Possible explanations for our 100% relapse rate in the FRI group include patient, surgical or implant factors. Undiagnosed co-morbidities, inadequate debridement and duration/concentration of local antibiotic elution could play a part. Almost 80 per cent of gentamicin in the nail is released in the first 48 h [27]. Antibiotic resistance in patients who have had multiple courses of antibiotic therapy at other institutions should be considered although resistance to local high-dose gentamicin would be unusual. Interestingly, the 2012 ETN PROtect™ brochure stated that the nail should especially be used in the treatment of revision infection cases, however, this was no longer in the 2022 instructions for use.

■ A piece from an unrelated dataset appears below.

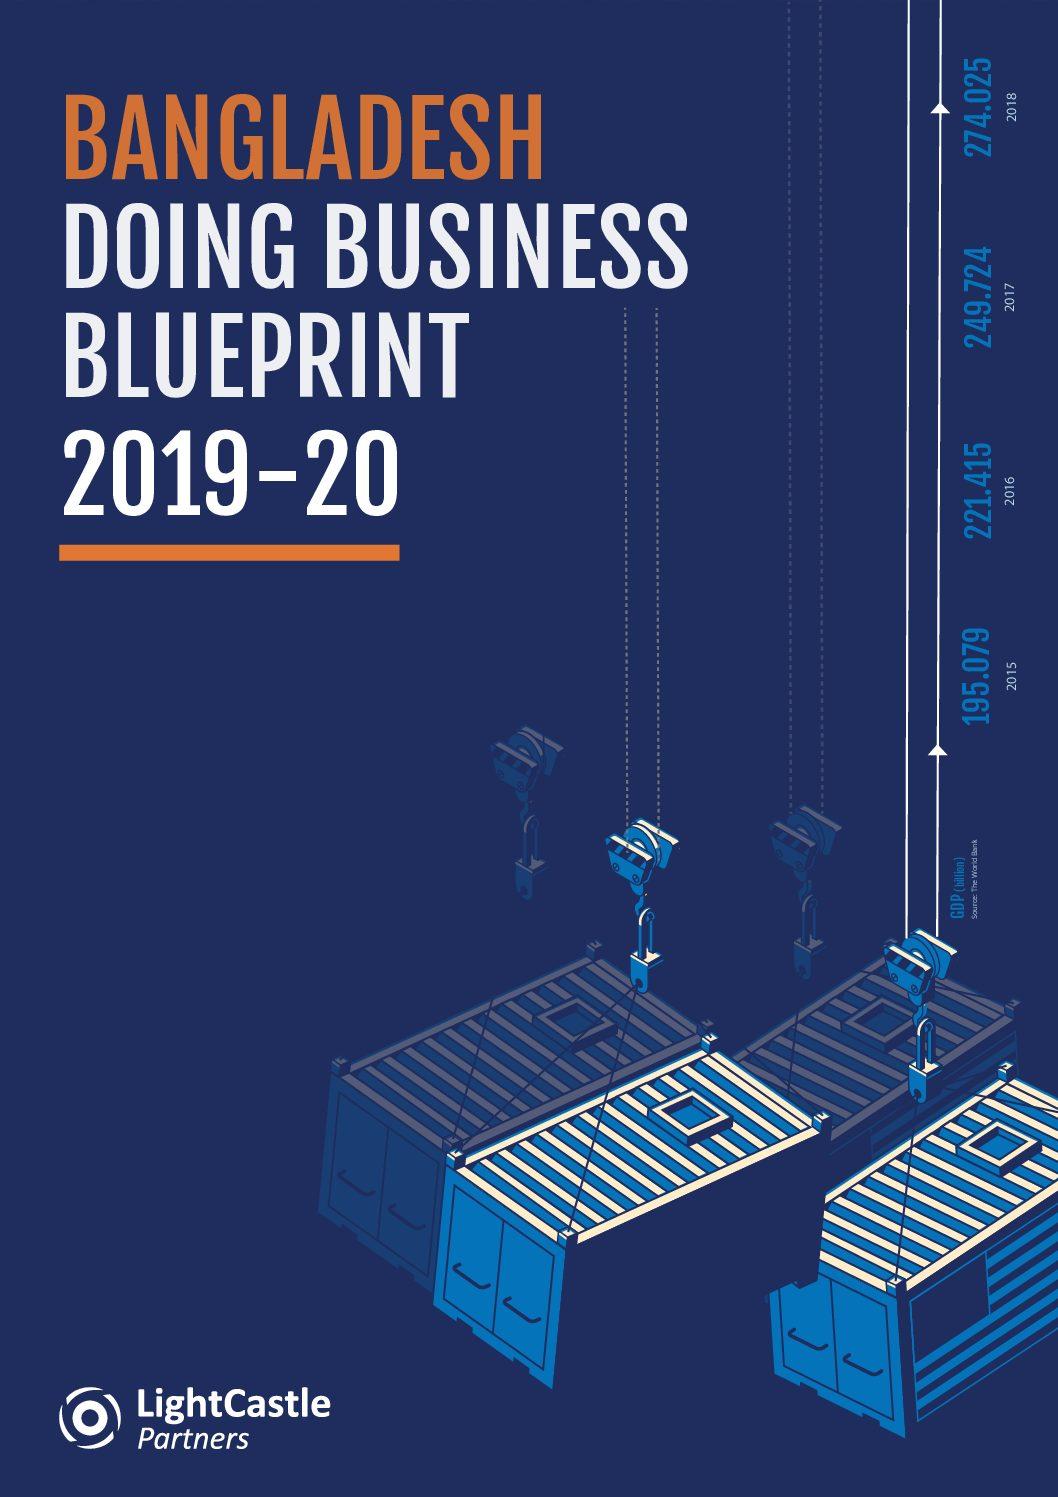 Bangladesh Doing Business Blueprint 2019-20

Further direction of study could include investigating the use of antibiotic-coated nails in association with the Reamer Irrigator Aspirator system (DePuy Synthes) in both septic and aseptic non-unions. Vicenti and colleagues included 17 patients with aseptic non-unions who all achieved bone consolidation at a mean of 7.18 months concluding that ETN PROtect™ nailing in conjunction with the RIA system offers a safe and effective treatment [28]. Our study has Limitations inherent with retrospective case-series. Longer follow-up, patient-related outcome scores and a control group are all potential areas of improvement. Despite being the largest single-centre study in the literature, overall numbers remain small to draw any strong conclusions.

Conclusion

To our knowledge this is the largest single-centre series reporting on the use of antibiotic-coated tibial nails. Based on our experience, we believe that in selected cases, namely high infection risk primary fracture fixation, revision surgery for aseptic non-union and intramedullary nailing following external fixation, the potential reduction in infection rates will offset their high cost. Despite promising results reported in recent literature, we urge caution with their use in previously established infection cases, even in the absence of active infection.